* **WORK INSTRUCTION**
Where the listing below has a line with "Chisinau,Moldavia Settembre 19, 2018: Instagram", write out exactly that line and every line after it, stopping after the line with "แผนที่ของ Cidade Ademar".

* **MATERIAL PROVIDED**
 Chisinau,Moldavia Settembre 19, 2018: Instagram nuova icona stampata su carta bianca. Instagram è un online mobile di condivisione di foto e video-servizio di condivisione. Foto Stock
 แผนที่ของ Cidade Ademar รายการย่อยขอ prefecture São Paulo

...

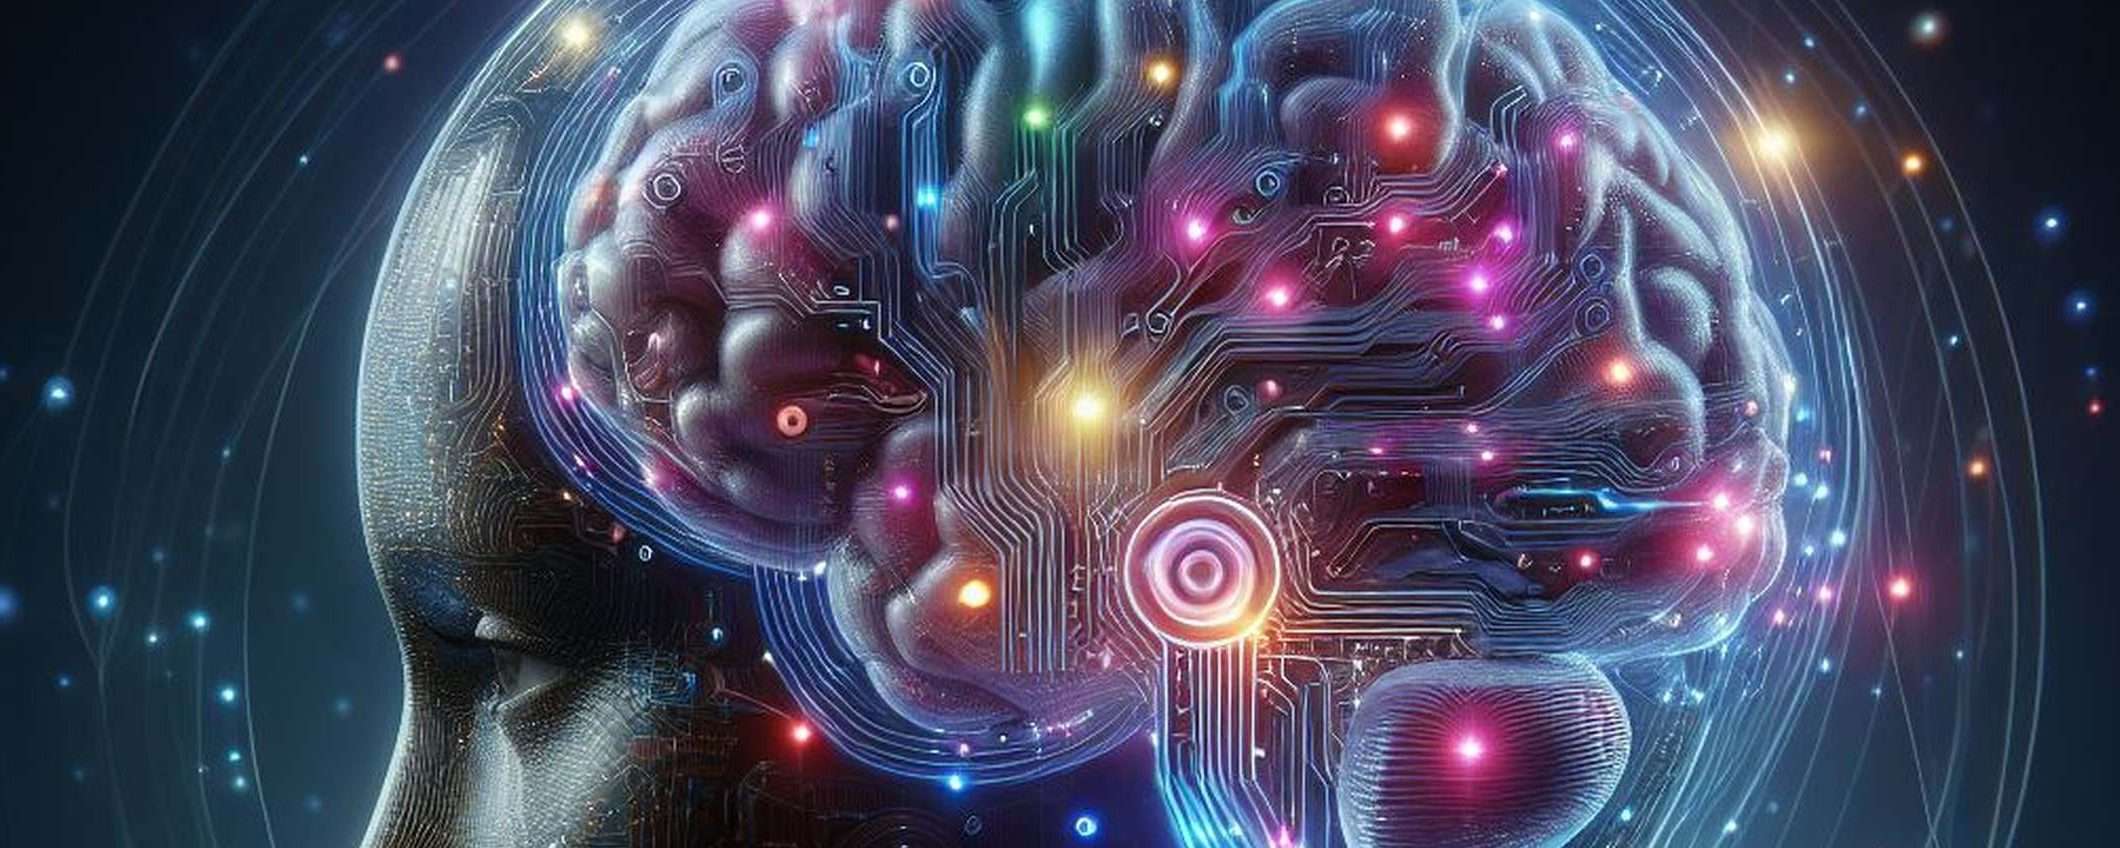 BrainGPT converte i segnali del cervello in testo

--

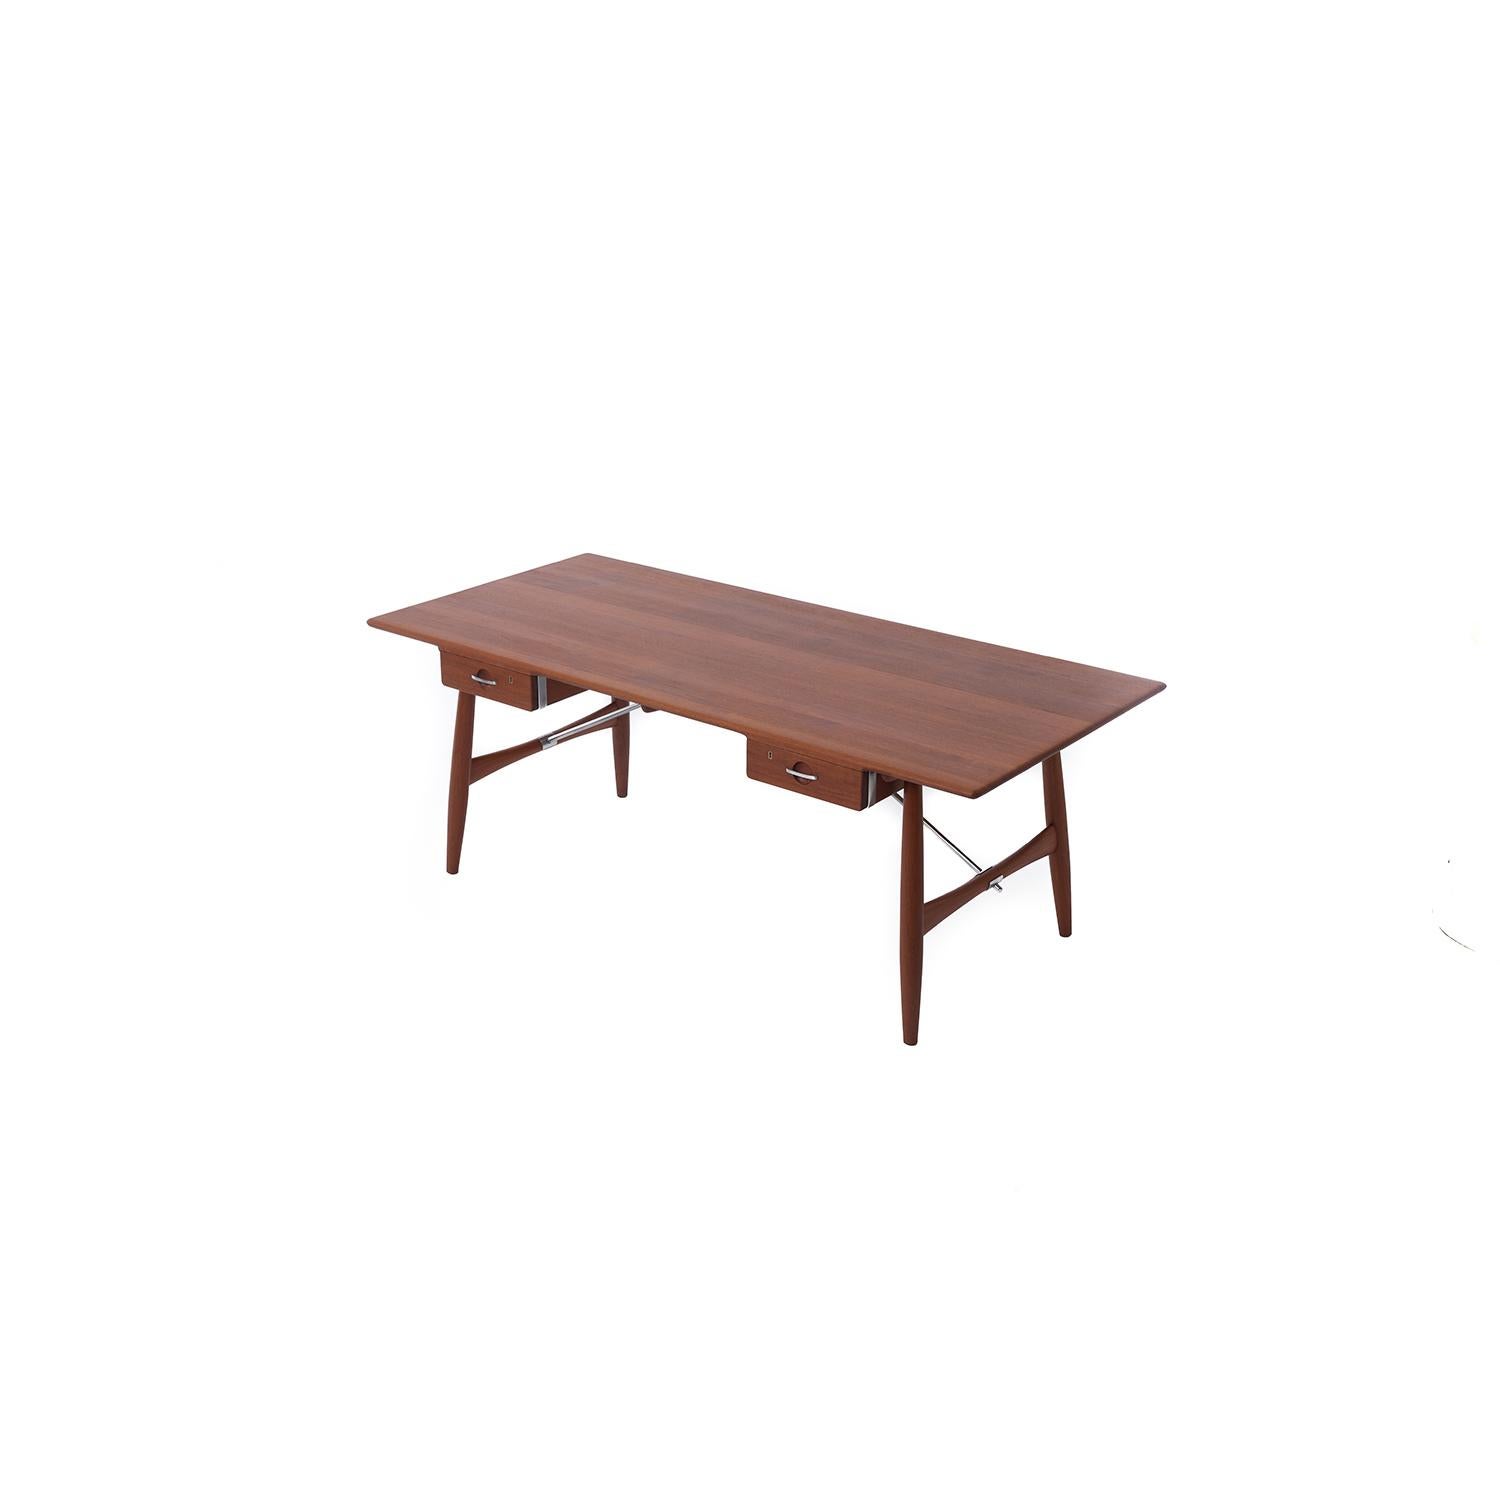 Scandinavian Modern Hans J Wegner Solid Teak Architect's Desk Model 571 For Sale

* **EXPECTED OUTPUT**
 Chisinau,Moldavia Settembre 19, 2018: Instagram nuova icona stampata su carta bianca. Instagram è un online mobile di condivisione di foto e video-servizio di condivisione. Foto Stock
 แผนที่ของ Cidade Ademar รายการย่อยขอ prefecture São Paulo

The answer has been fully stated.